Recent research has developed a number of eXplainable AI (XAI) techniques, such as gradient-based approaches, input perturbation-base methods, and black-box explanation methods.
While these XAI techniques can extract meaningful insights from deep learning models, how to properly evaluate them remains an open problem.
The most widely used approach is to perturb or even remove what the XAI method considers to be the most important features in an input and observe the changes in the output prediction.
This approach, although straightforward, suffers the Out-of-Distribution(OOD) problem as the perturbed samples may no longer follow the original data distribution.
A recent method RemOve And Retrain (ROAR) solves the OOD issue by retraining the model with perturbed samples guided by explanations.
However, using the model retrained based on XAI methods to evaluate these explainers may cause information leakage and thus lead to unfair comparisons.
We propose Fine-tuned Fidelity , a robust evaluation framework for XAI, which utilizes i) an explanation-agnostic fine-tuning strategy, thus mitigating the information leakage issue, and ii) a random masking operation that ensures that the removal step does not generate an OOD input.
We also design controlled experiments with state-of-the-art (SOTA) explainers and their degraded version to verify the correctness of our framework.
We conduct experiments on multiple data modalities, such as images, time series, and natural language.
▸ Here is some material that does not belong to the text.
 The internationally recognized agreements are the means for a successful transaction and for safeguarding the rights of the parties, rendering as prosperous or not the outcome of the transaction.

The results demonstrate that $F-Fidelity$ significantly improves upon prior evaluation metrics in recovering the ground-truth ranking of the explainers.
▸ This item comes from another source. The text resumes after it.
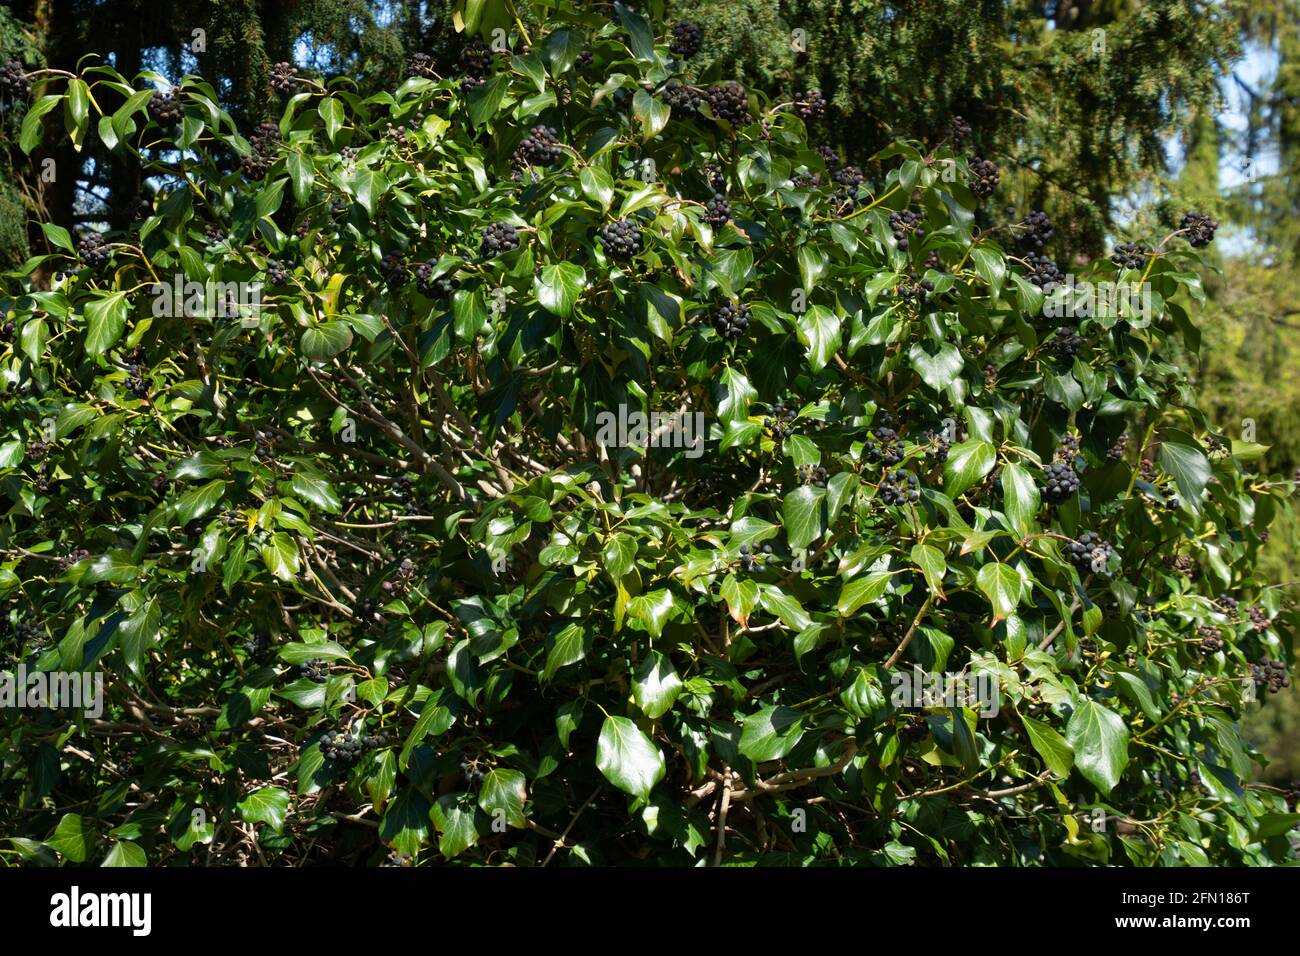 evergreen Ivy or Hedera helix with black berries in the ornamental garden Stock Photo

Furthermore, we show both theoretically and empirically that, given a faithful explainer, $F-Fidelity$ metric can be used to compute the sparsity of influential input components, i.e., to extract the true explanation size.
In XAI, we first consider the attribution importance score as the explanation, indiating which part is important for deep learning model. For example, in image classification, the foreground is more important than background. For time series, the temporal pattern contains more information than random noise.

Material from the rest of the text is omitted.